Leave the pictures out and repeat the rest of the data below exactly.

··· DATA SHOWN

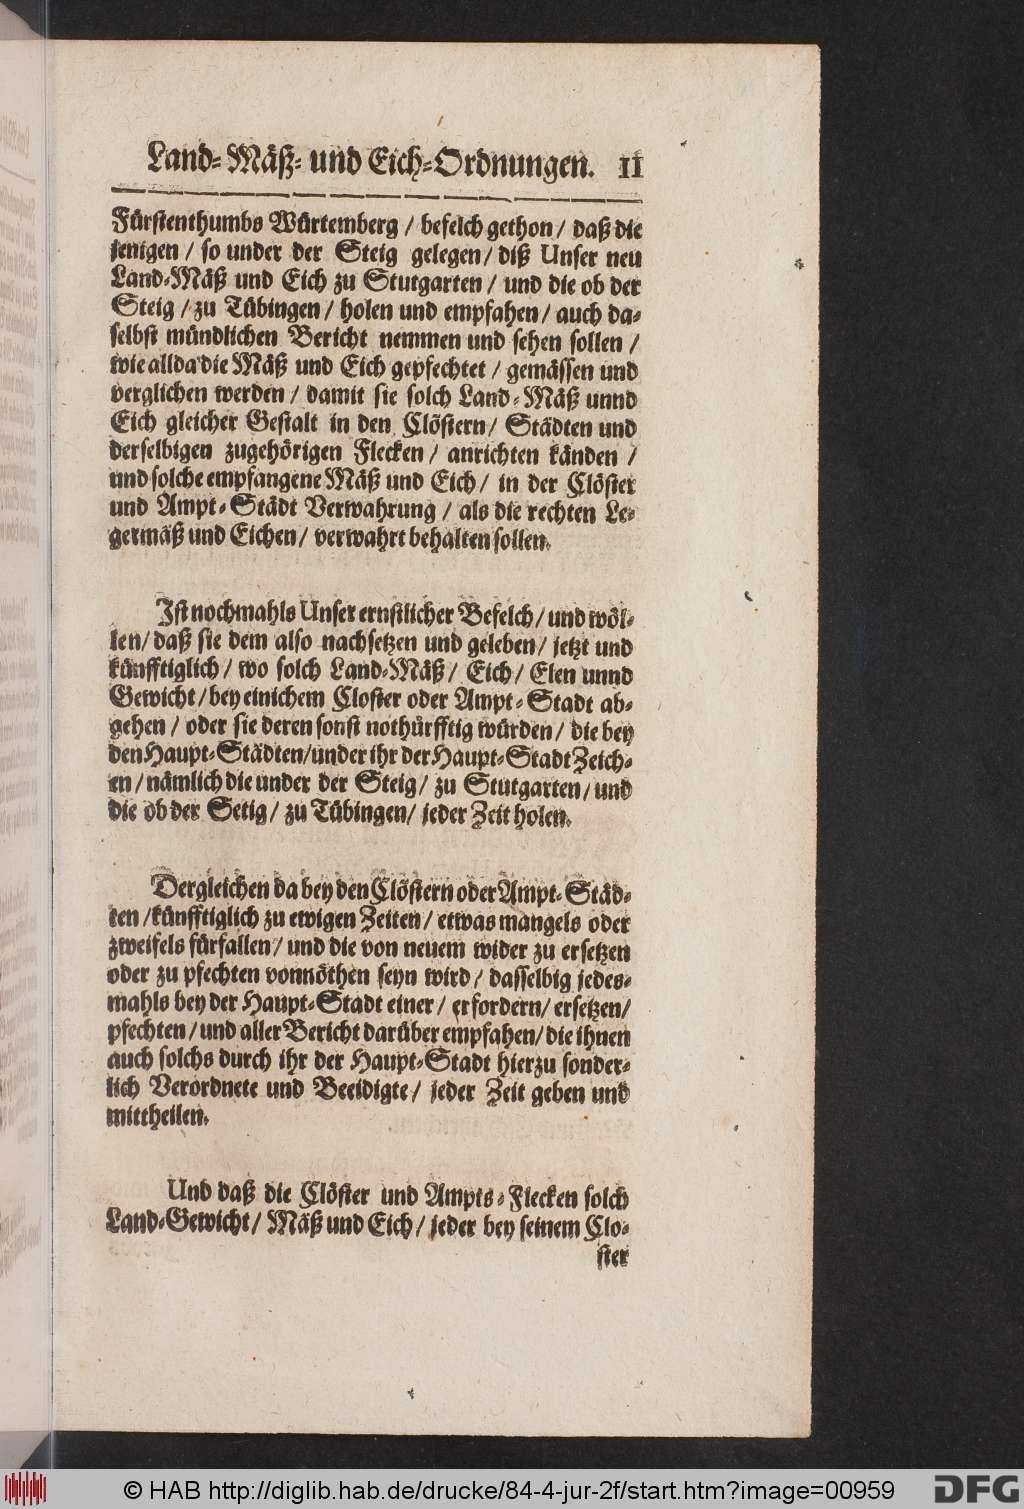 https://diglib.hab.de/drucke/84-4-jur-2f/00959.jpg
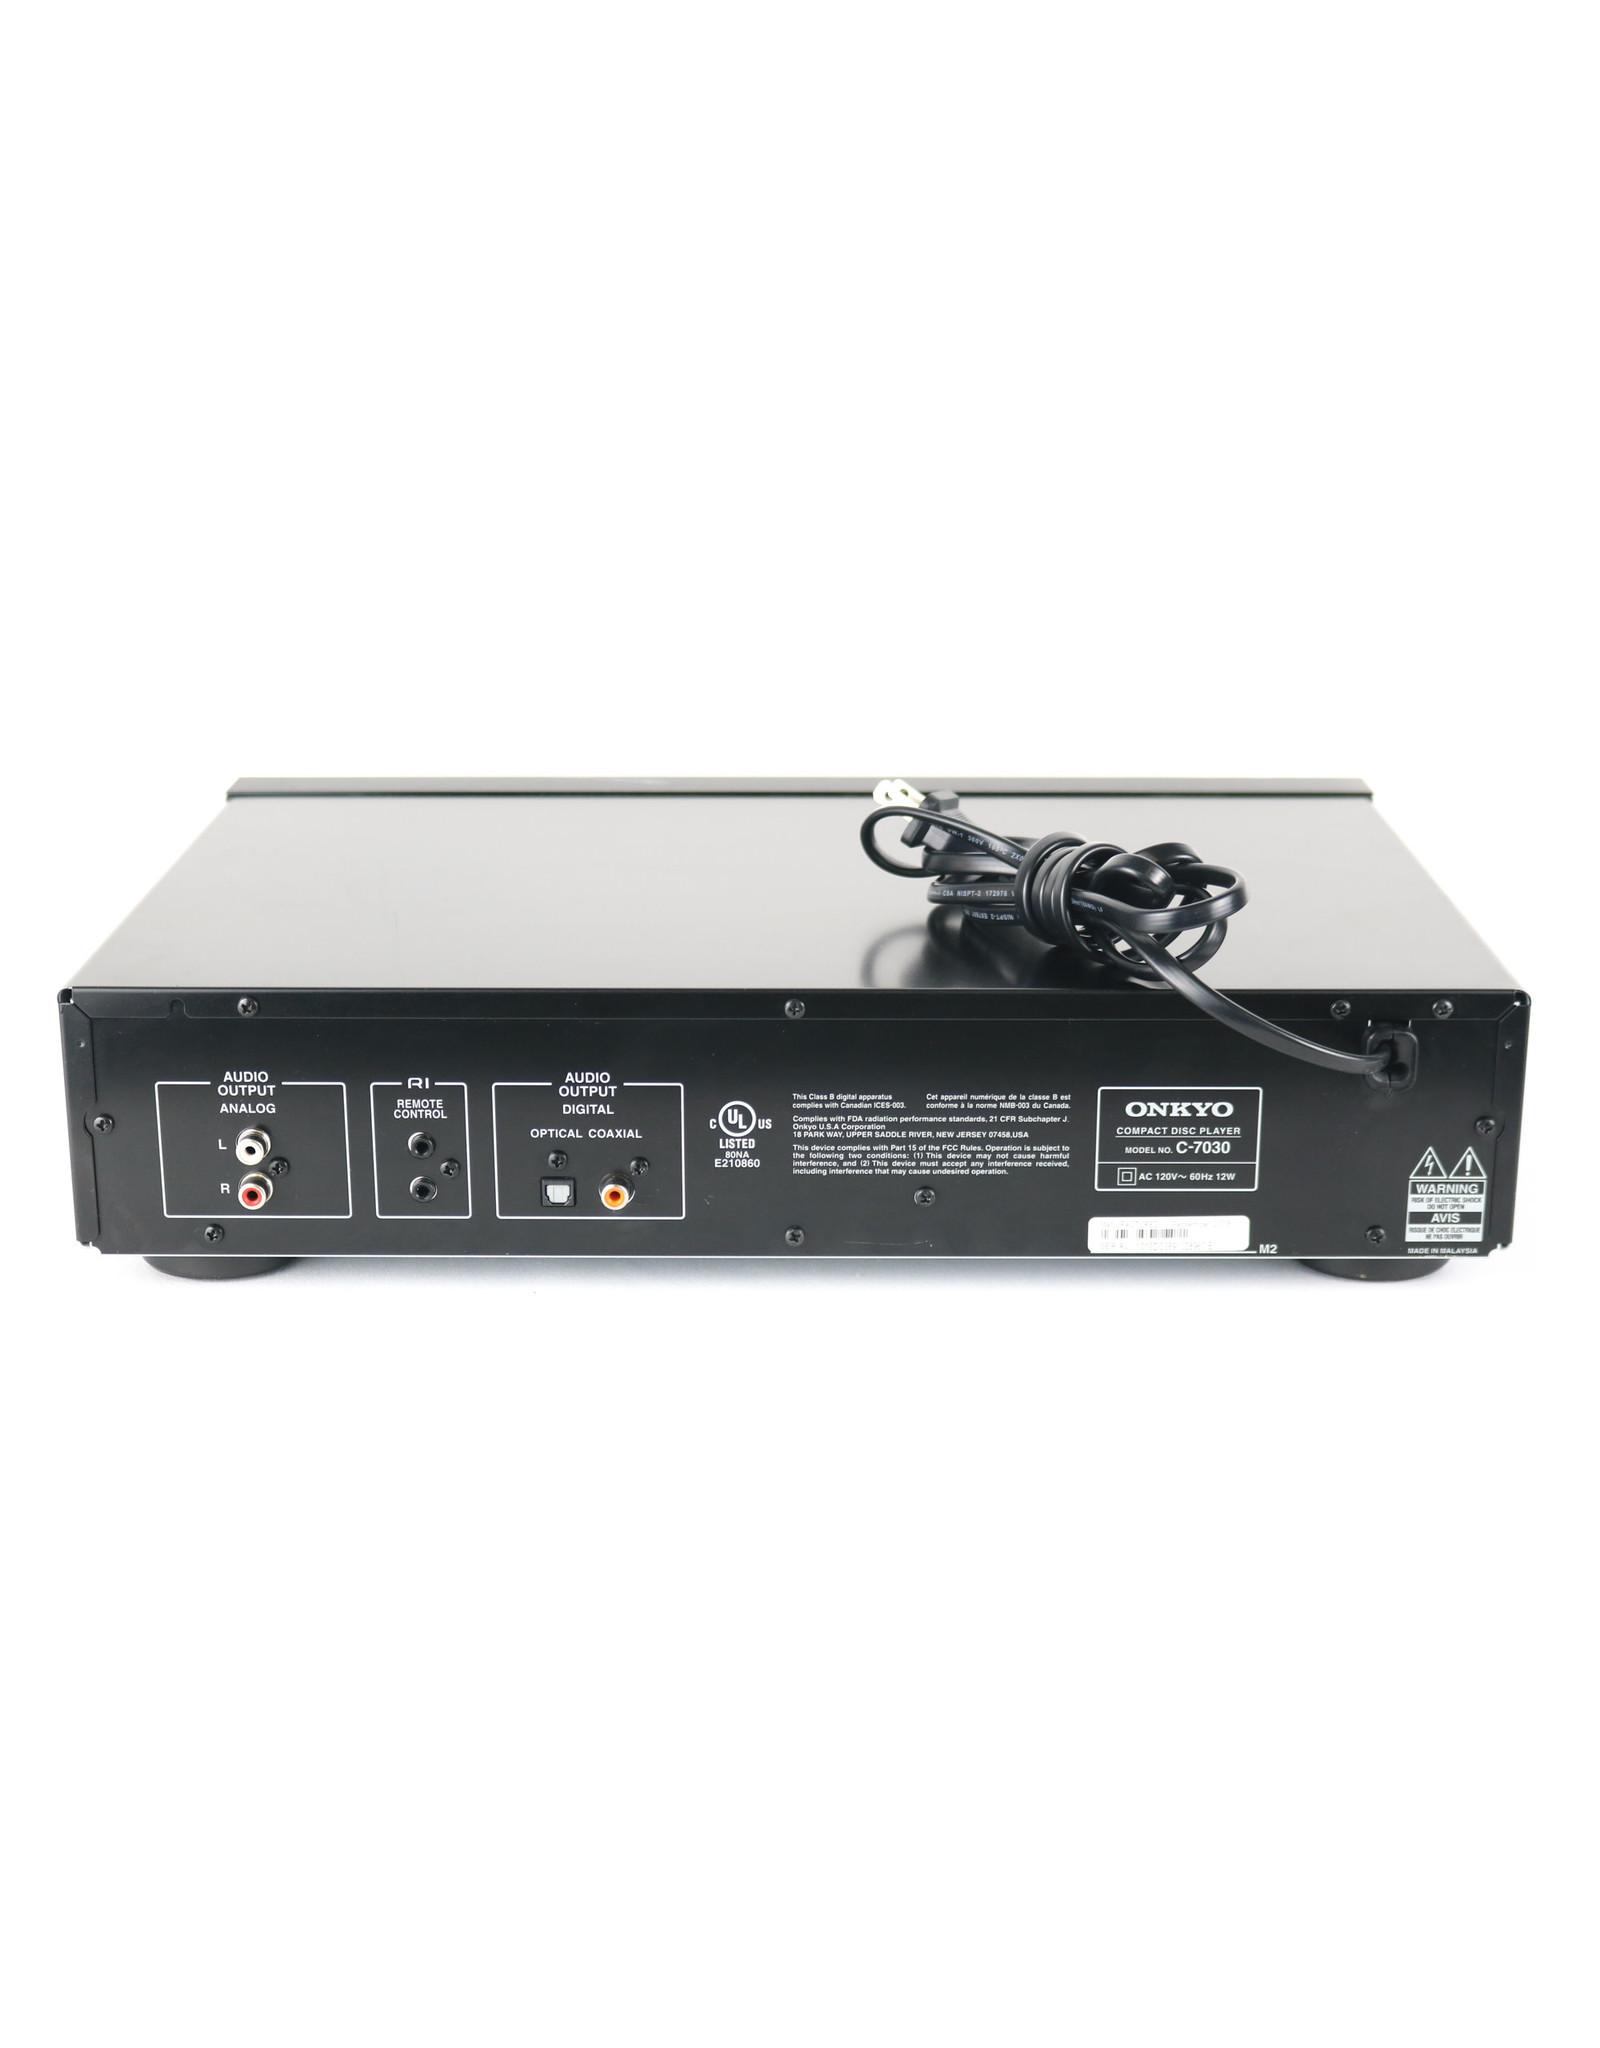 Onkyo Onkyo C-7030 CD Player USED
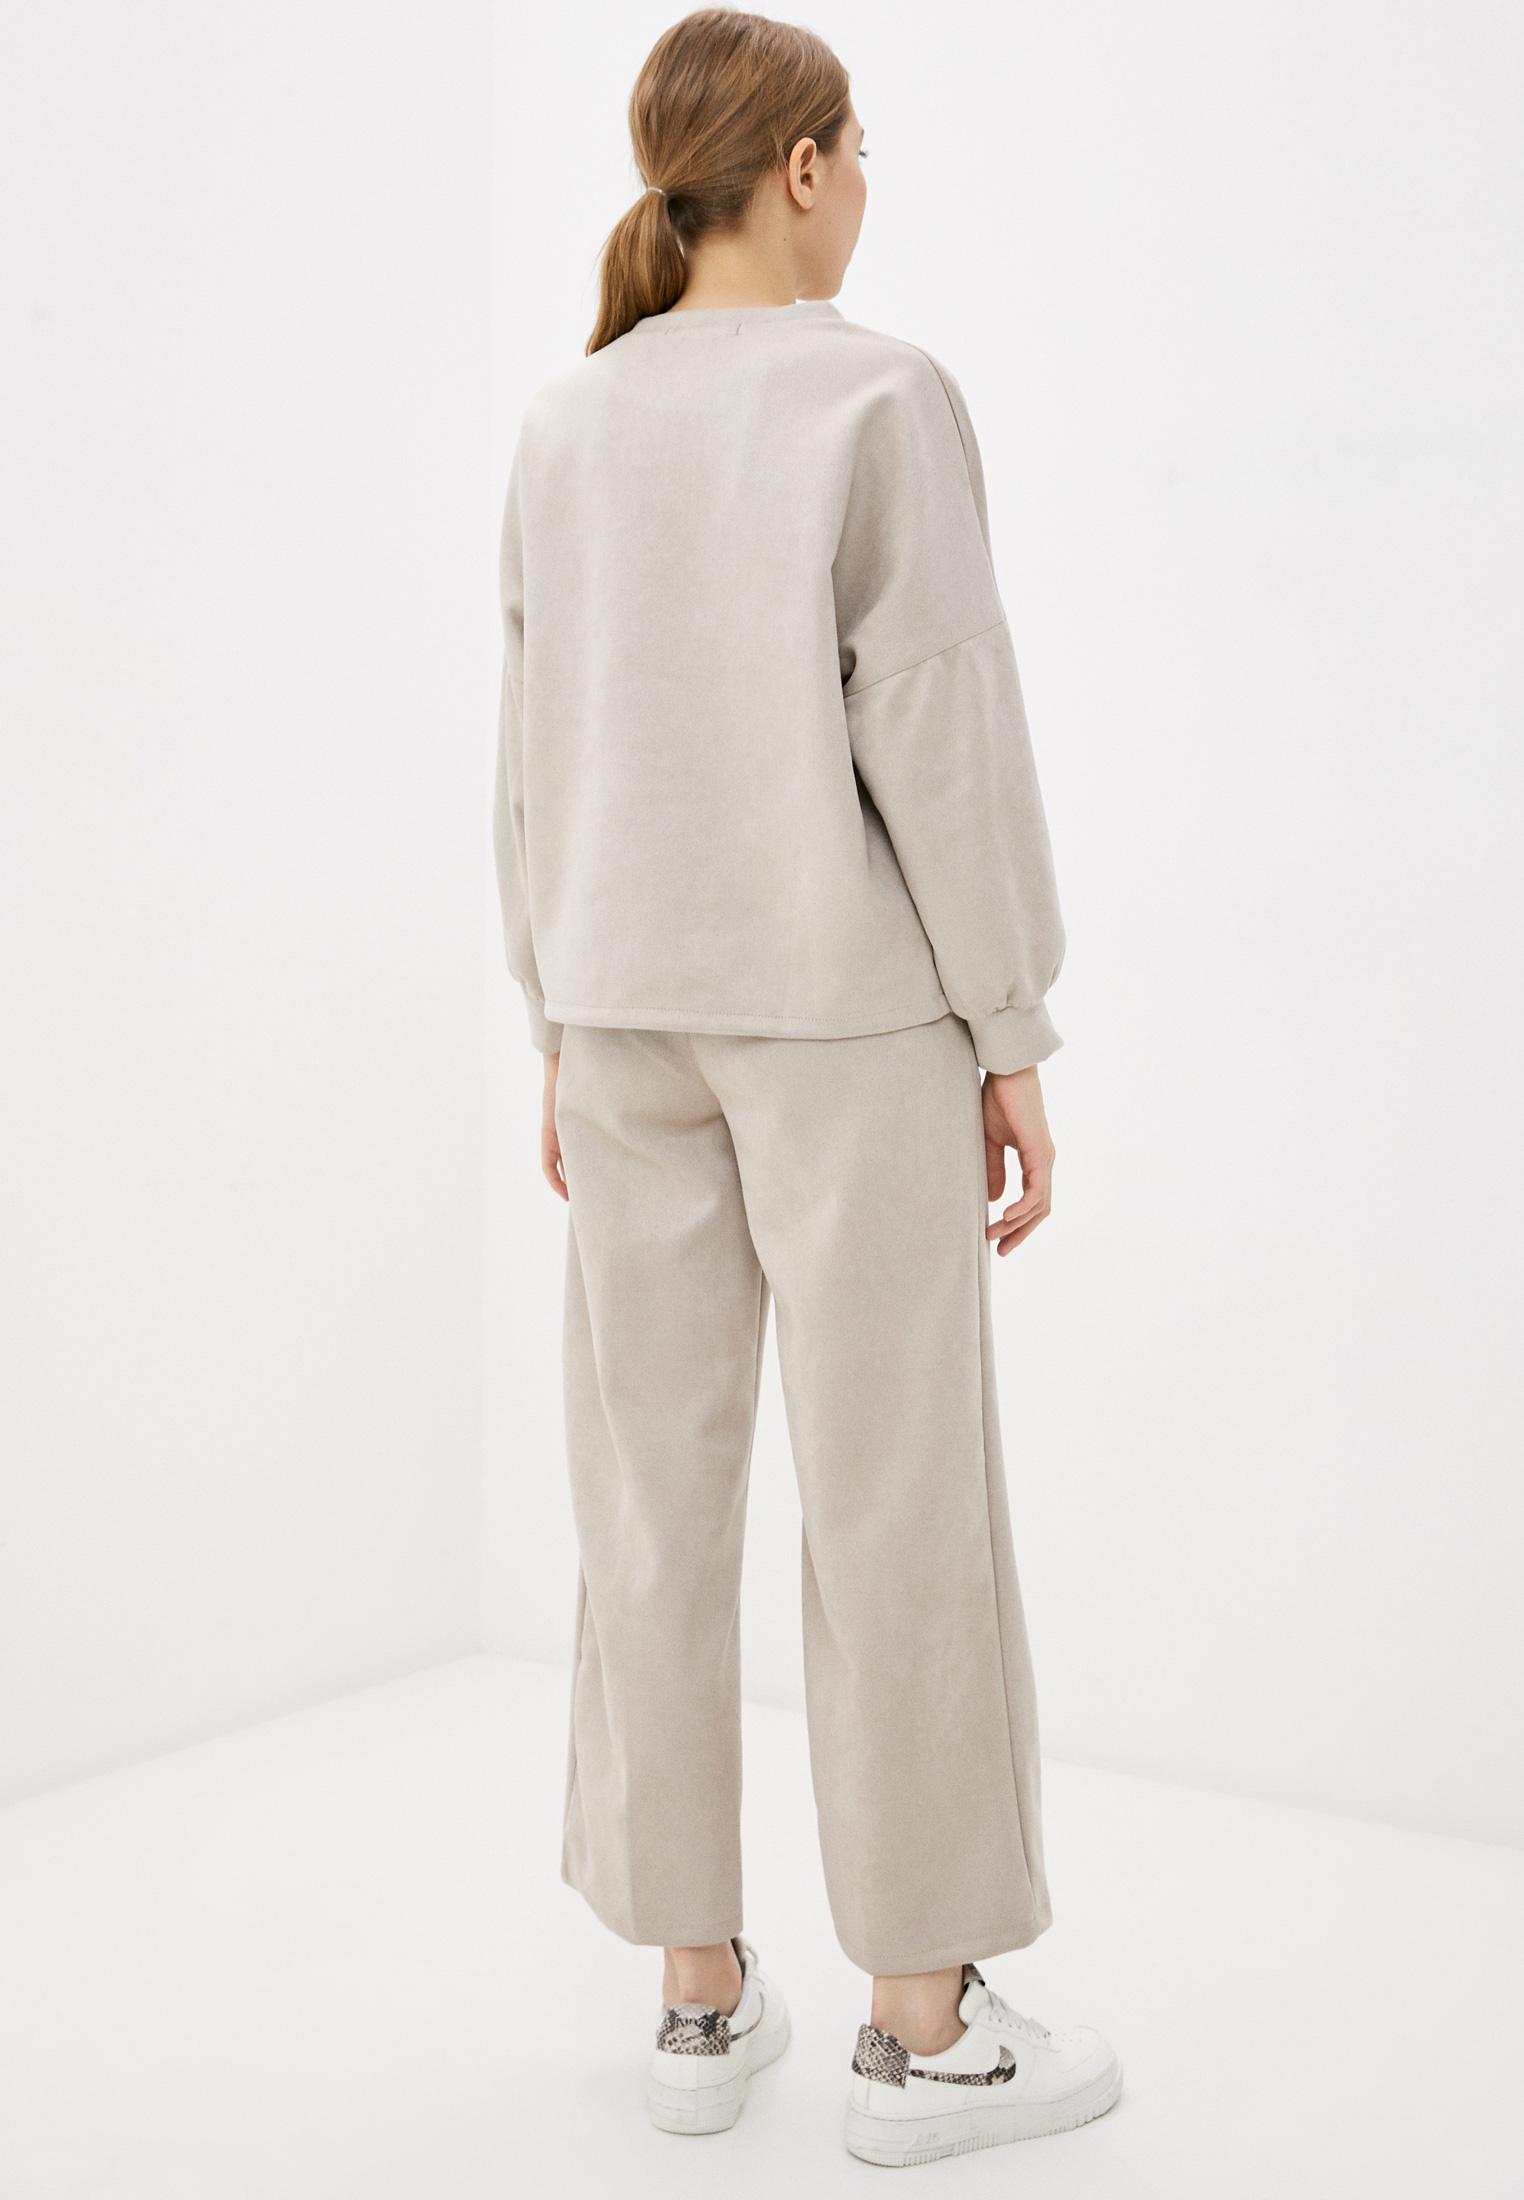 Костюм с брюками Nerouge N1254-1: изображение 3

······

→ **EXERCISE ANSWER**
 https://diglib.hab.de/drucke/84-4-jur-2f/00959.jpg
 Onkyo Onkyo C-7030 CD Player USED
 Костюм с брюками Nerouge N1254-1: изображение 3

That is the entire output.